How To Effectively Leverage Your IAQ Data Through Building Automation

Dianna Smith

One of the biggest mistakes you can make after implementing an air quality monitoring system is underutilizing your data. Beyond just using air quality data for spot checks, you can employ your air quality data in your building automation system to promote efficiency and good indoor air quality. 

What Is Building Automation?

Building automation systems (BAS) are sets of interconnected sensors and actuators designed to control, monitor, and regulate buildings and building equipment. Building automation systems can manage all of the systems below and more:

  • HVAC
  • Lighting 
  • Security 
  • Emergency response  
  • Humidity control 

When implemented correctly, these systems can reduce energy consumption, lower maintenance costs, extend the lifecycle of utilities, and ensure the safety and comfort of building occupants.
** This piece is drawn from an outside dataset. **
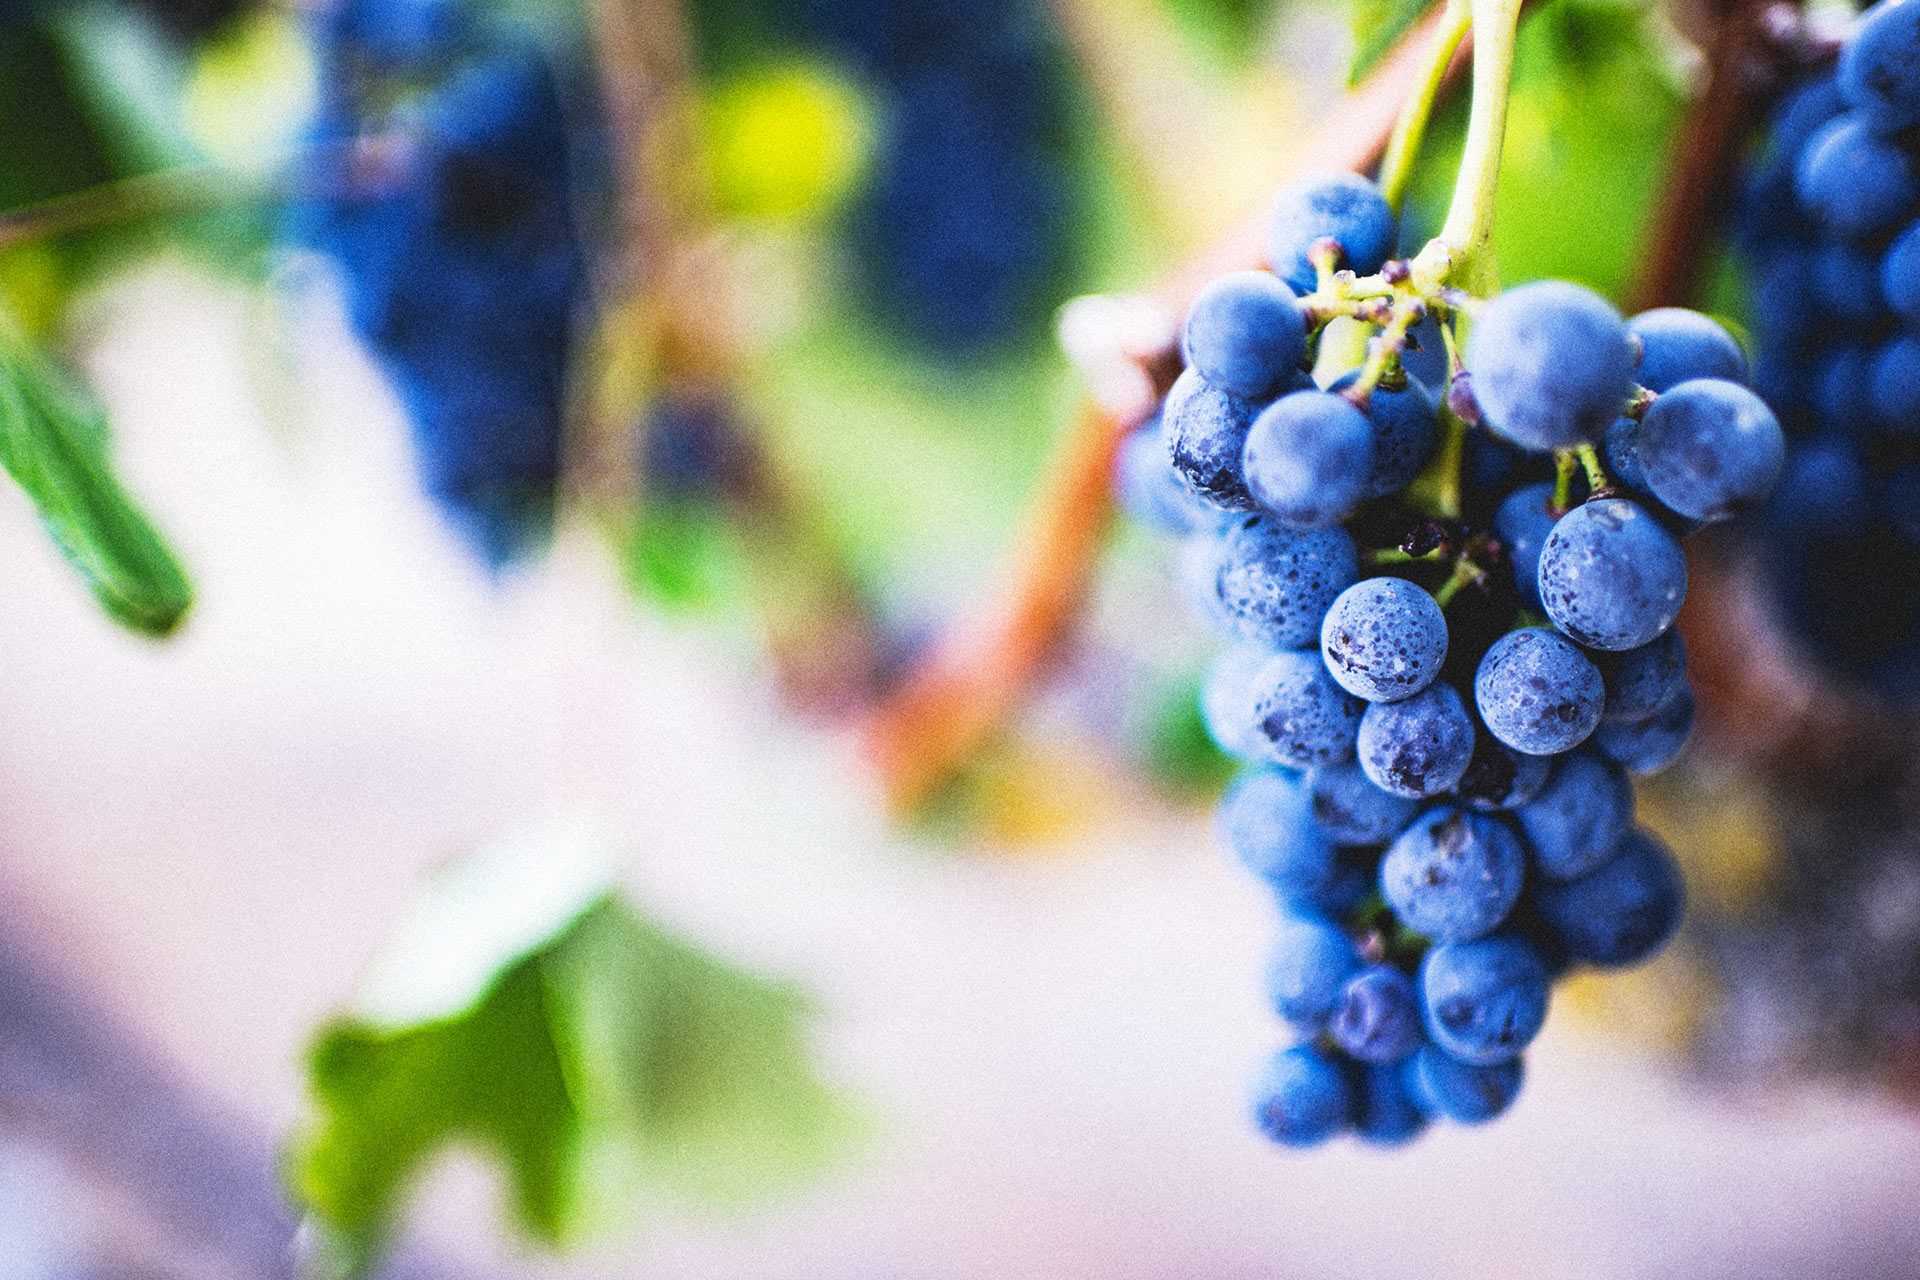 vini-todi - todi- wine- wines of Todi - umbrian wines

In fact, in one study by PNNL, commercial buildings that correctly employed BAS reduced energy consumption by an average of 29% without sacrificing indoor environmental quality. 

IAQ Sensors and BAS

As we mentioned above, sensors make up a crucial component of any building automation system. Sensors collect the data inputs used to control output devices like ventilation systems, and indoor air quality sensors are some of the primary sensors used in these building automation networks. 

Occupancy, carbon dioxide (CO2) sensors, and DCV

One established application of indoor air quality sensors is through demand-controlled ventilation (DCV)

toronto - building

Demand-controlled ventilation is a feedback system designed to optimize ventilation rates based on occupancy. Indoor air pollution can be broken down into two types: air pollution originating from humans and air pollution for off-gassing unrelated to occupancy. During low-occupancy periods, there are fewer sources of indoor air pollution, so ventilation rates do not need to be as high to maintain the same air quality. 
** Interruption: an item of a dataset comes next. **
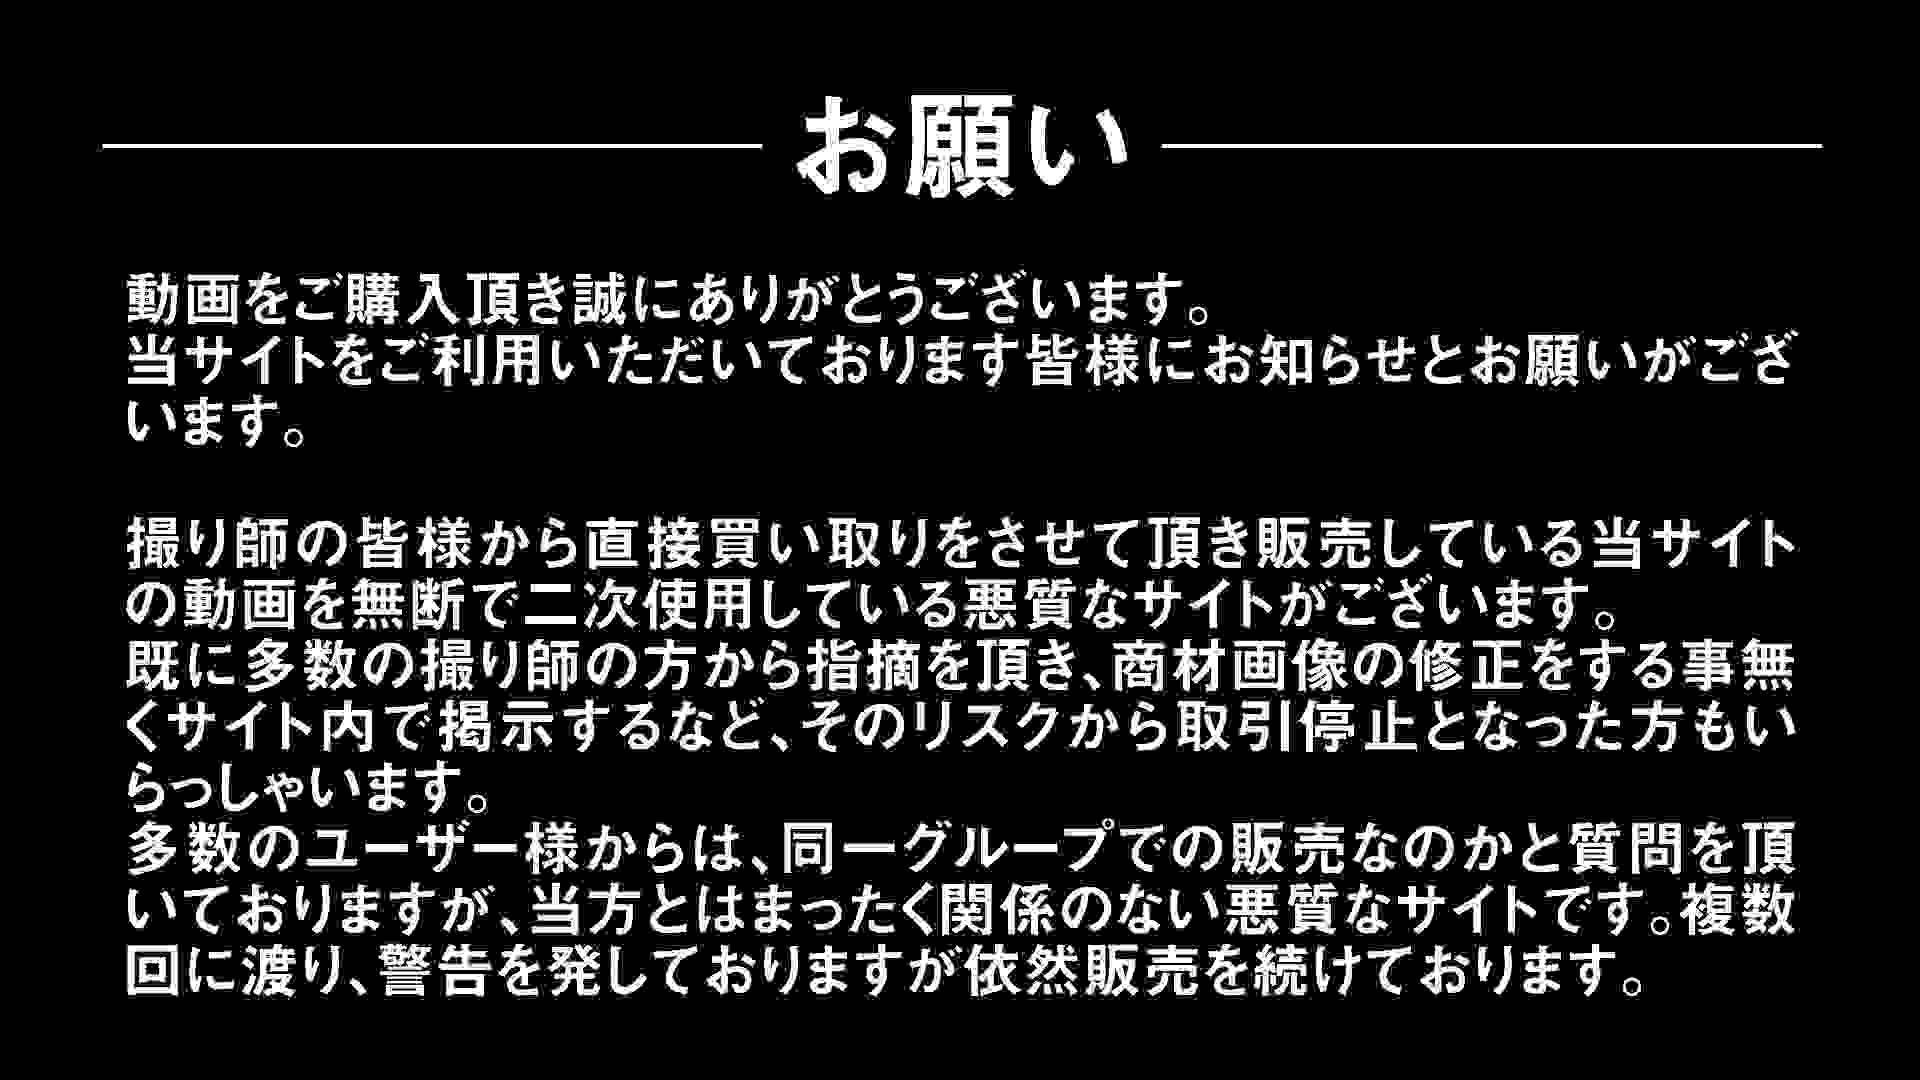 Aquaな露天風呂Vol.299 盗撮シリーズ | 露天風呂編  82PIX 3

Occupancy can be measured in four ways:

  1. Carbon dioxide sensing - CO2 sensors are the most common way of regulating DCV systems. Carbon dioxide levels directly correlate with occupancy, so some DCV systems will adjust ventilation rates in response to changes in CO2 concentrations.
  2. Occupancy counting - Occupancy can be measured or estimated through counts using ticket sales, turnstiles, or security swipes, and as is the case with CO2 sensors, ventilation rates will vary based on occupancy counts. 
  3. Occupancy sensing - Lighting or occupancy sensors can likewise estimate occupancy. DCV systems with occupancy sensing typically only have two modes; ventilation rates will be the same whether there is one person or twenty people in a space. 
  4. Scheduling - Occupancy can be estimated based on scheduled use. For example, ventilation rates for a meeting room can be maximized when the meeting room is booked and reduced when nothing is planned in it. 
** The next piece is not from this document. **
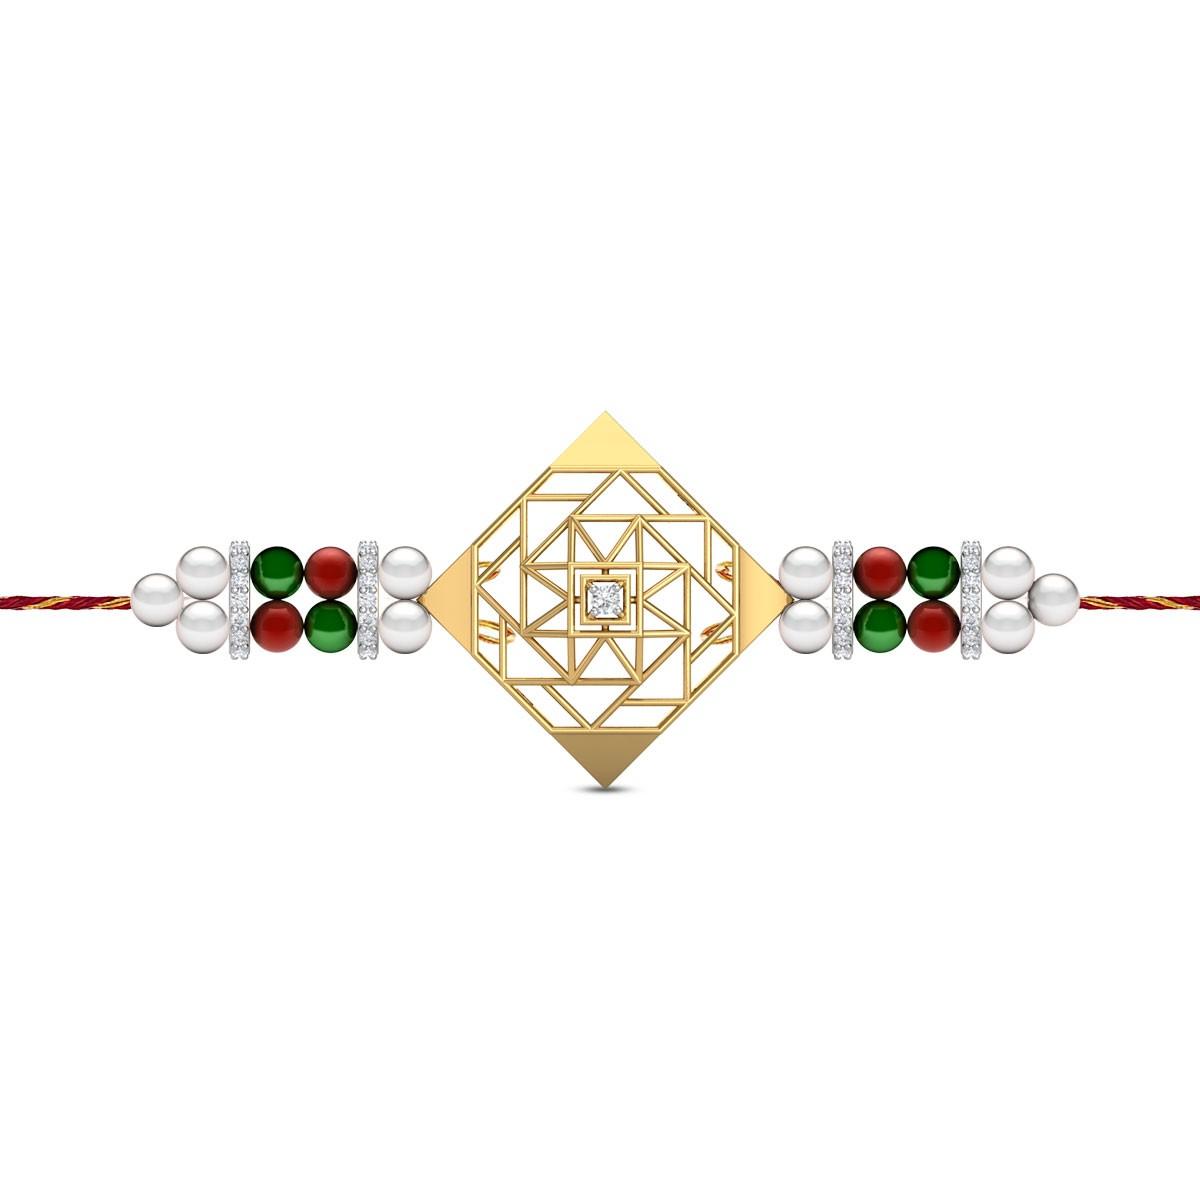 Kith & Kin Diamond Rakhi Set

As the leading way to estimate occupancy, CO2 sensors play an essential role in demand-controlled ventilation systems. Additional inputs from TVOC sensors can also help measure occupancy and ensure IAQ remains good during occupancy periods, as volatile organic compounds (VOCs) are a major indoor air pollutant. However, due to many factors unrelated to occupancy that create VOCs, carbon dioxide is usually a better input for DCV. 

Particulate matter sensing and HVAC systems

Unlike carbon dioxide, particulate matter is a concern for both indoors and outdoors, and high levels of outdoor particulate matter can adversely impact indoor environmental quality, or IEQ. 

macau - pollution

In cases where a building is located in an area with high levels of air pollution, or during pollution events or wildfires, outdoor and indoor particulate matter sensors can help automate air filtration and ventilation to optimize indoor air quality. For example, when levels of outdoor particulate matter are higher than indoor levels, then a higher percentage of air should be recirculated to minimize the intrusion of air pollution. Likewise, if indoor levels are higher, the reverse should occur.

Measuring particulate matter can also help you manage your air filtration system. Increasing the efficiency of your air filters will help clear out more particles but can also increase energy costs and restrict airflow. Indoor particulate matter readings will help you know if your current air filters are suitable, and high indoor particulate matter readings could be used as an alert to check that your air filtration system is in good working order. 

Thus, utilizing particulate matter sensors alongside CO2 sensors can help you minimize energy costs through DCV while simultaneously ensuring that indoor air pollution is under control. 

Ozone sensing and secondary air pollutants

Another air pollutant to use as an input in building automation is ozone. 

Most indoor ozone comes from the outdoors, either by seeping in through doors and windows or the ventilation of outdoor air. While the ozone levels typically found indoors may not be dangerous to building occupants, ozone can contribute to the formation of secondary air pollutants. For example, the O3 oxidation of monoterpenes (found in essential oils) can create particulate matter, and the O3 oxidation of skin oils can produce VOCs. 

While increasing ventilation will dilute VOCs and carbon dioxide, ozone readings may increase with the increase of outdoor air. Incorporating ozone sensing into your building automation system will, much like particulate matter, ensure that the ventilation controlled by a DCV system maintains healthy indoor air quality. 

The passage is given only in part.